● **PROBLEM TO SOLVE**: The whole listing needs to be written out exactly, except for any images.

● **STORED DATA**:

════════════════

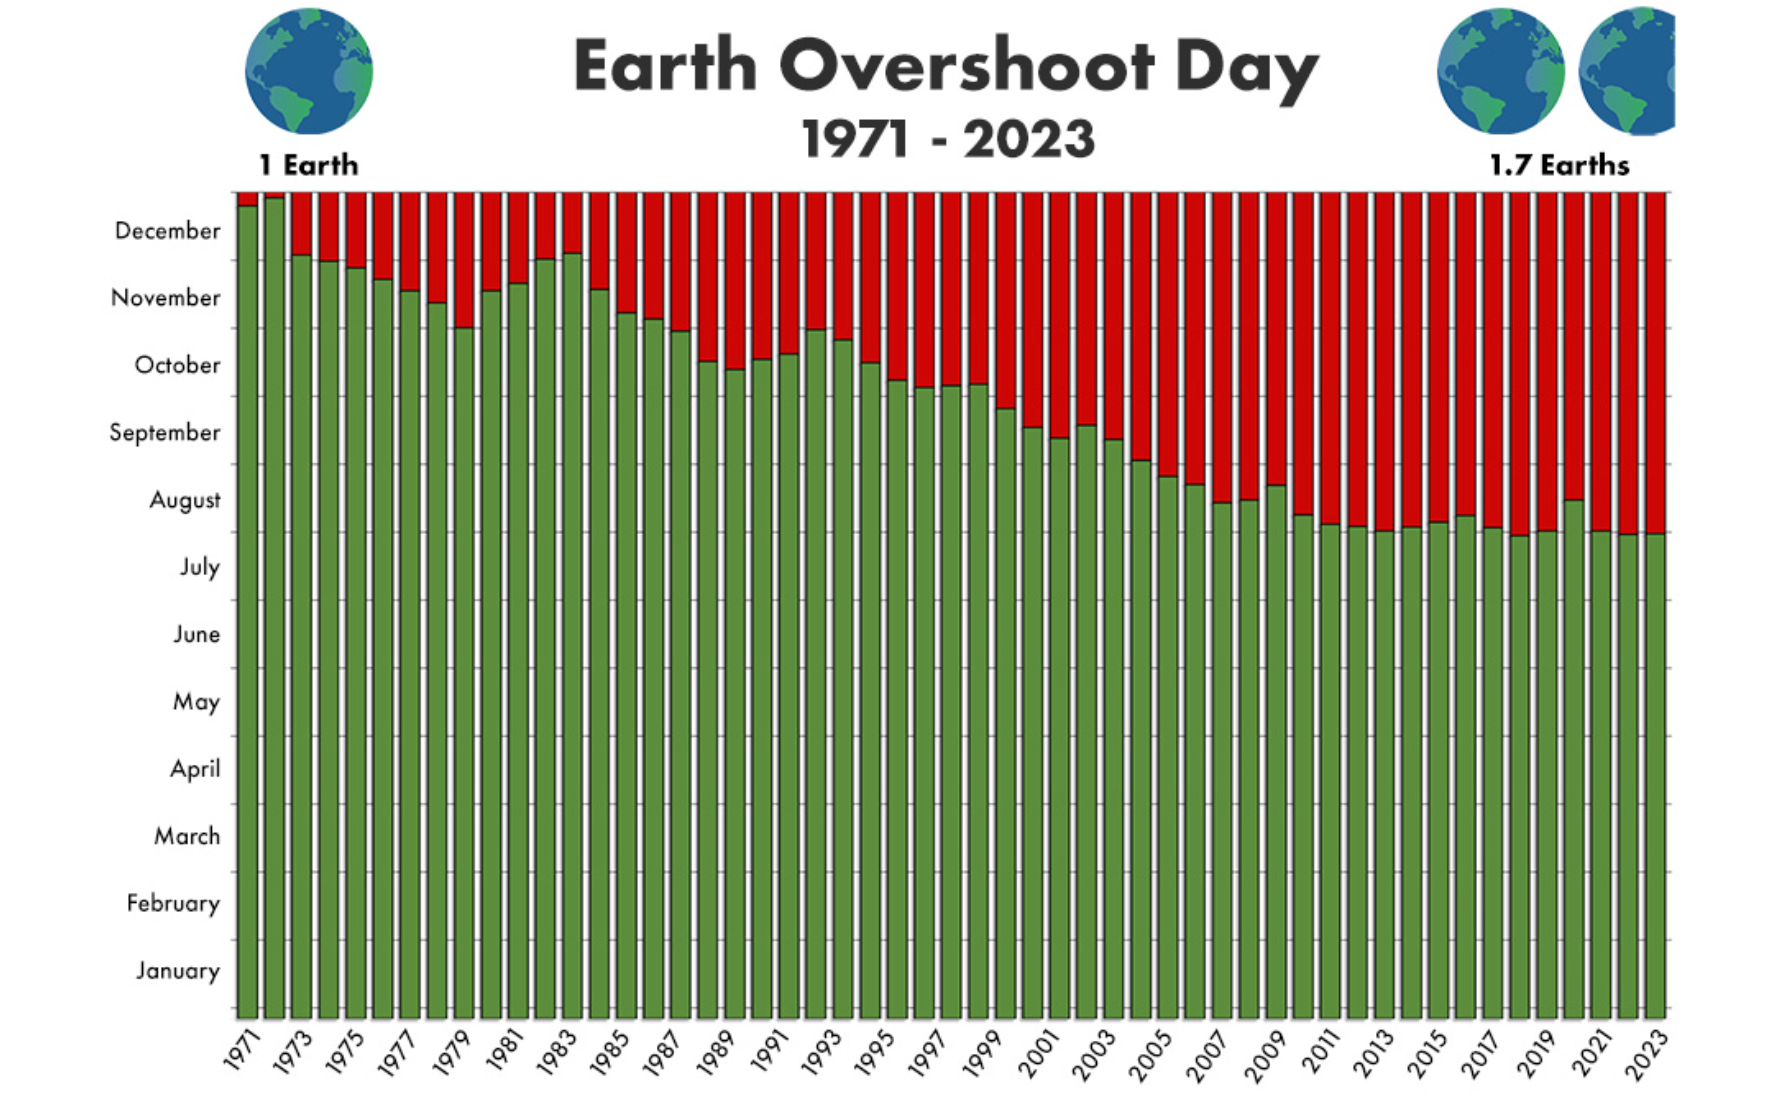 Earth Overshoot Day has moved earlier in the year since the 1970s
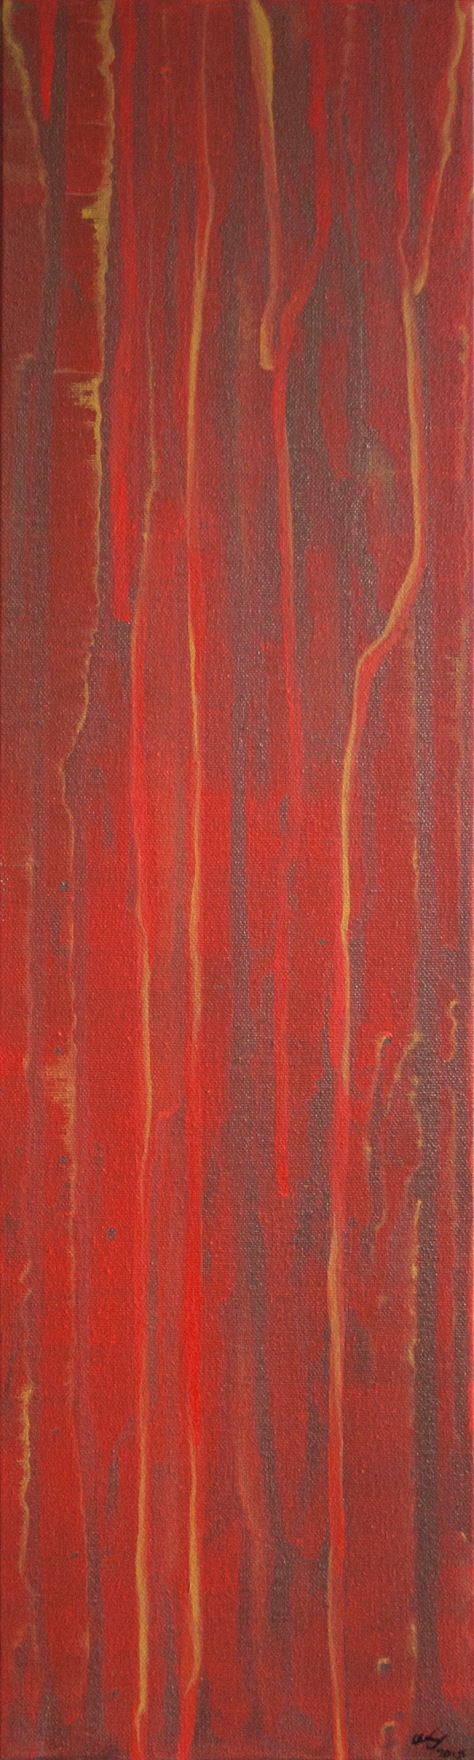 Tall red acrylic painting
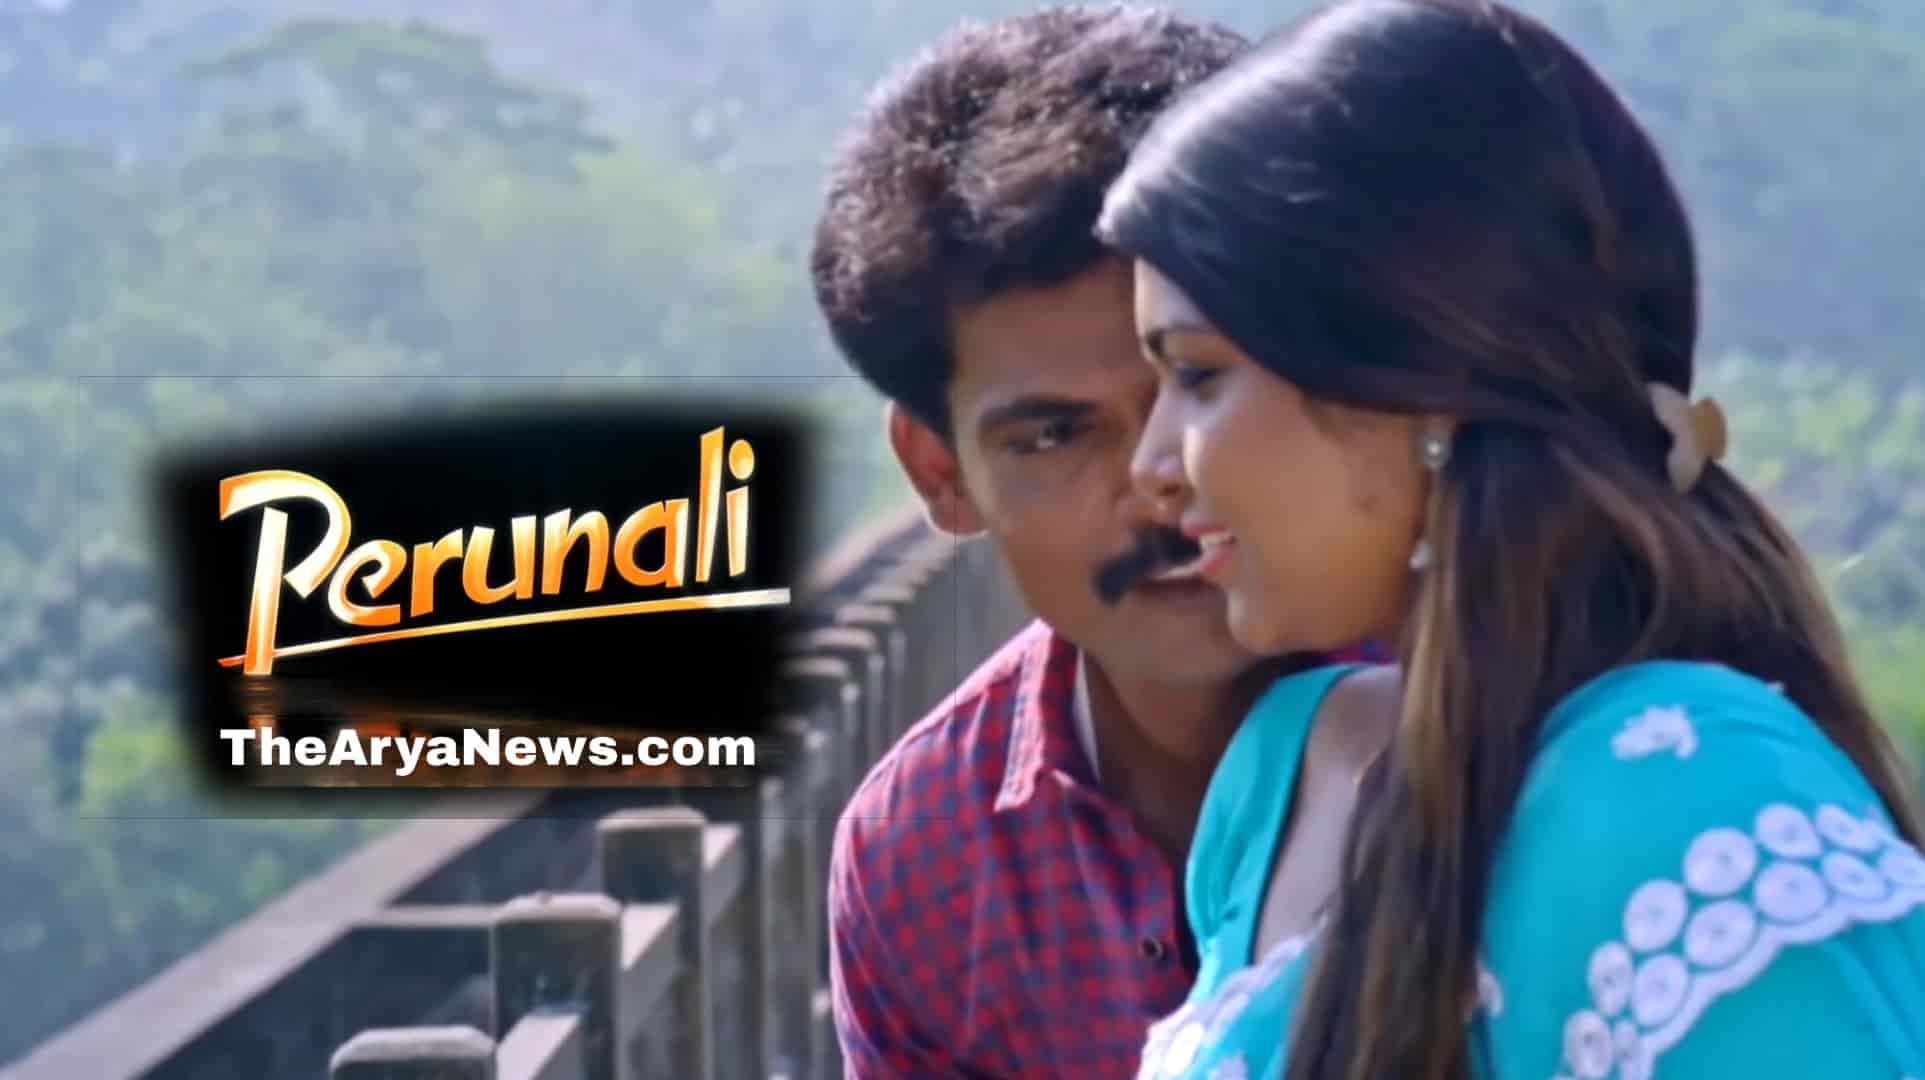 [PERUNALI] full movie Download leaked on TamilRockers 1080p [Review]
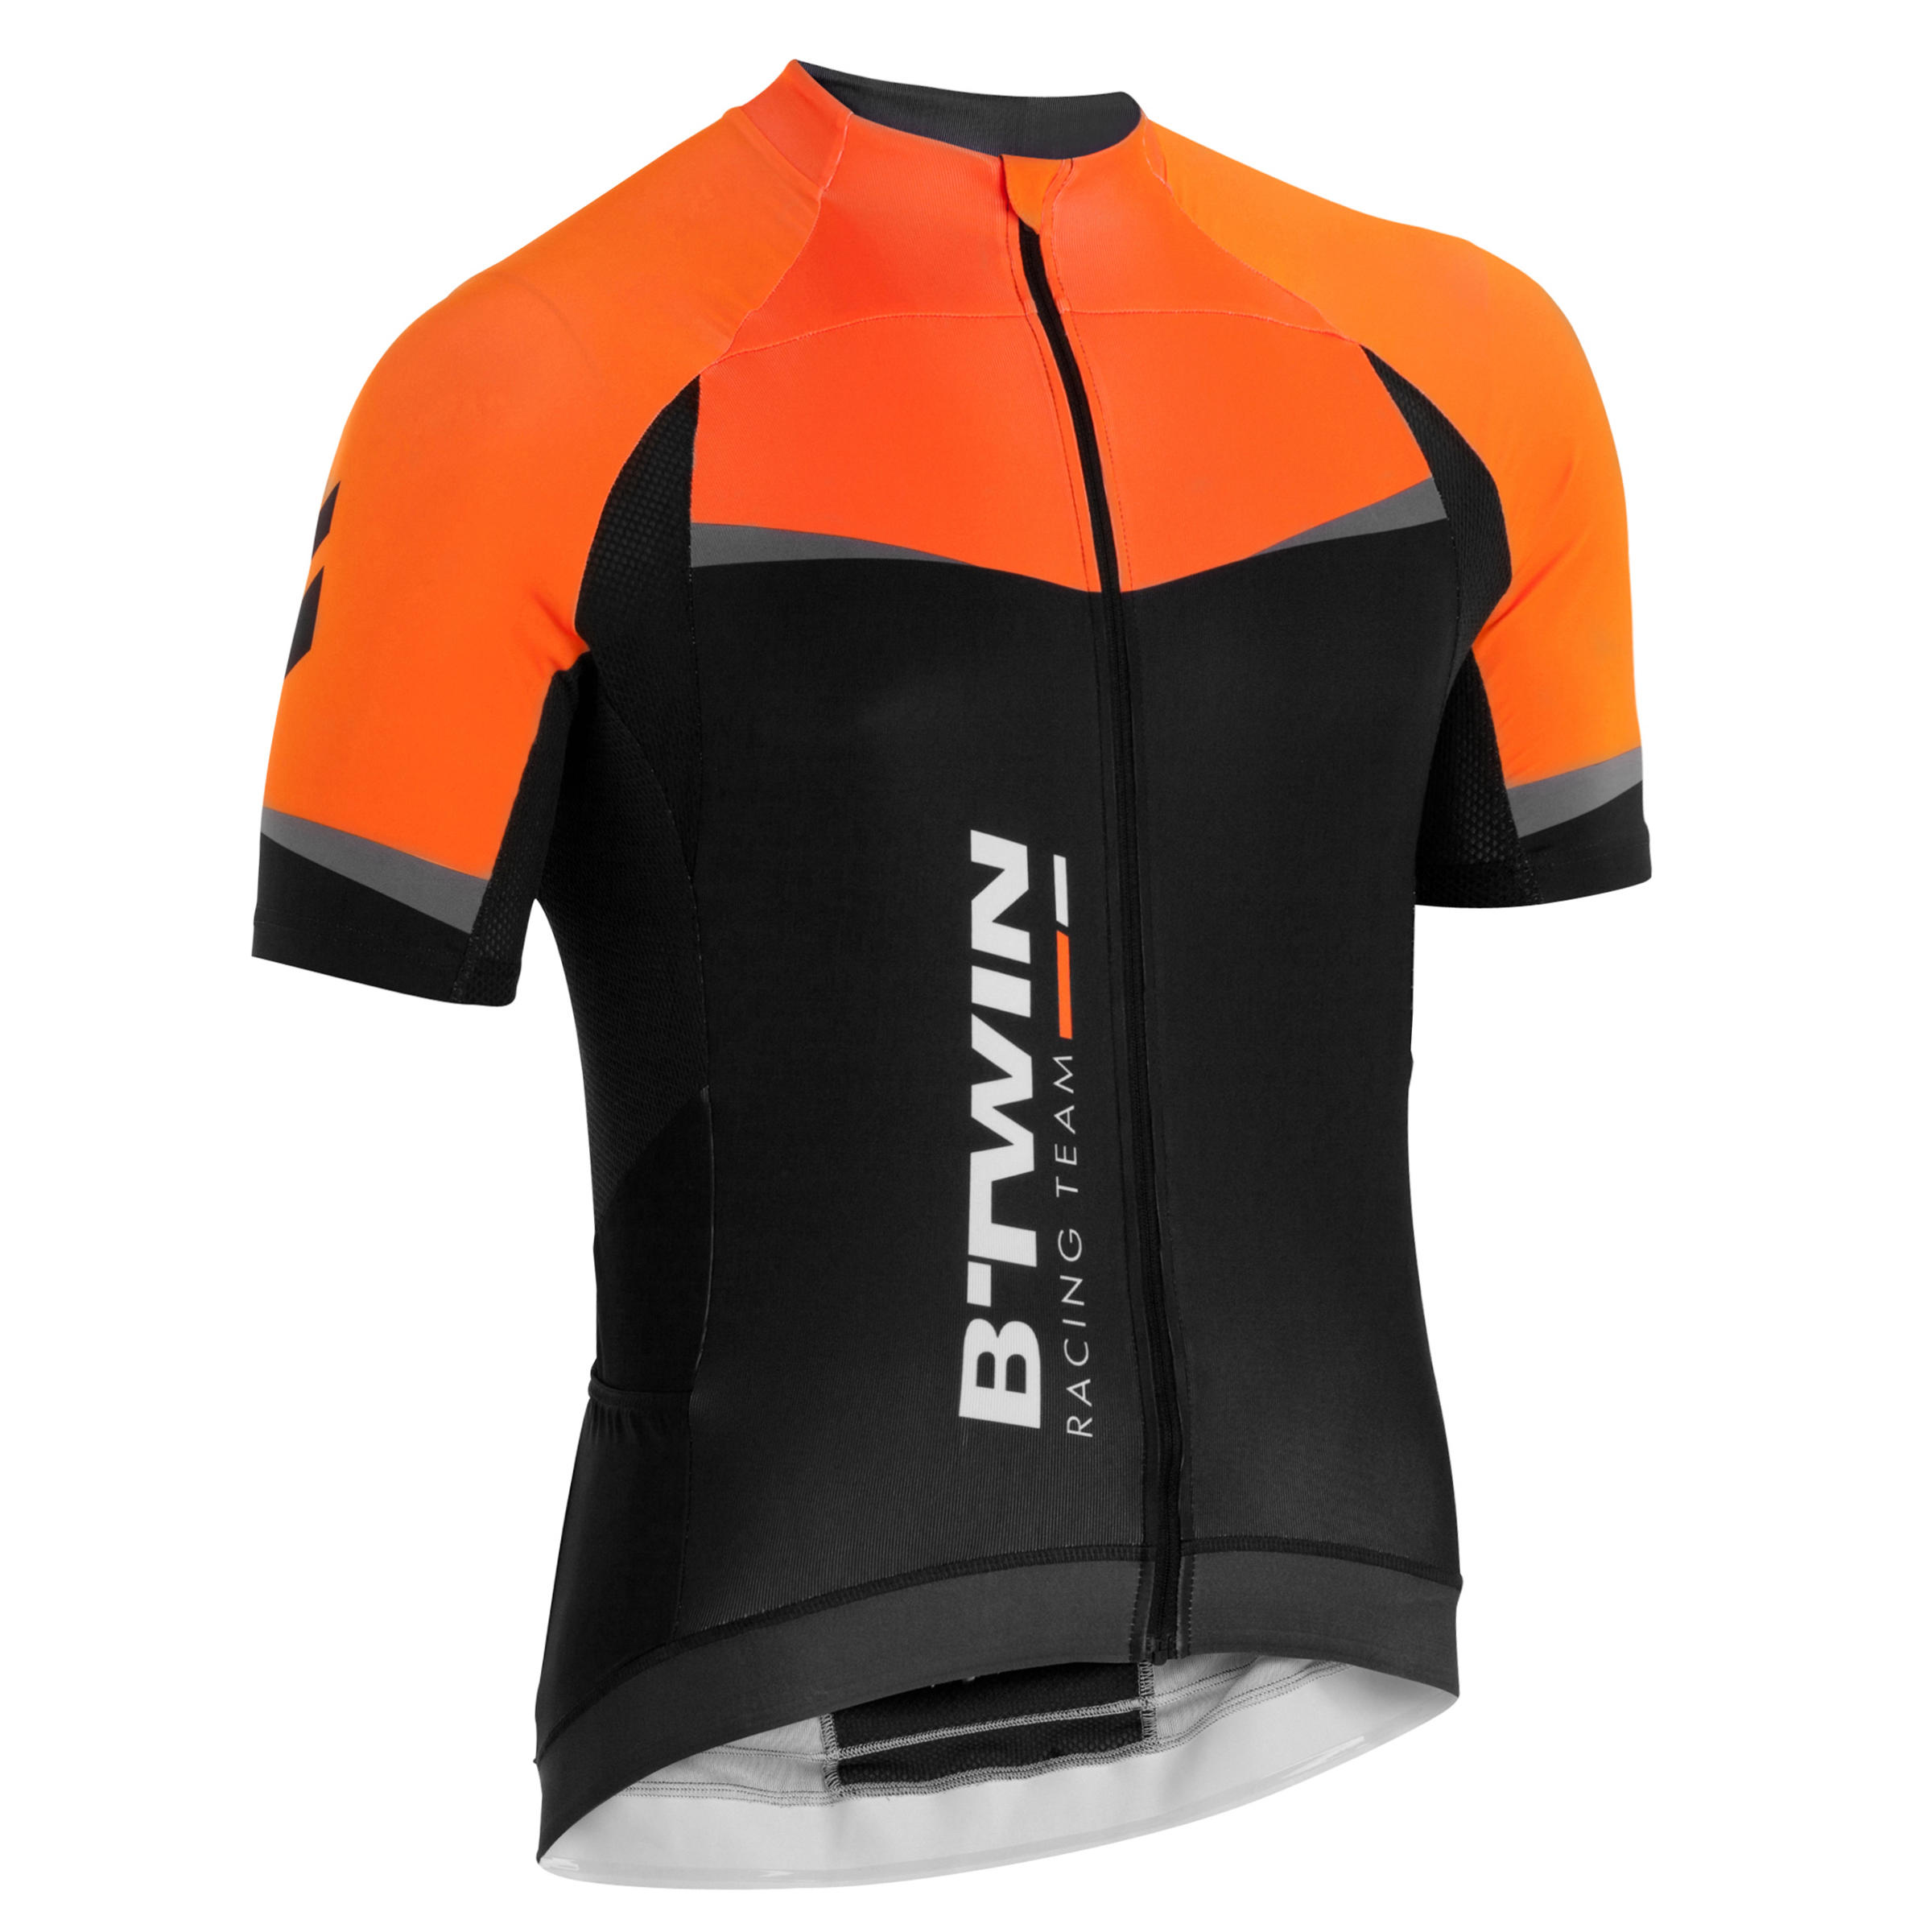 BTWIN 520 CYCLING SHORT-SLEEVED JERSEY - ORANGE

════════════════

● **RESPONSE**:
 Earth Overshoot Day has moved earlier in the year since the 1970s
 Tall red acrylic painting
 [PERUNALI] full movie Download leaked on TamilRockers 1080p [Review]
 BTWIN 520 CYCLING SHORT-SLEEVED JERSEY - ORANGE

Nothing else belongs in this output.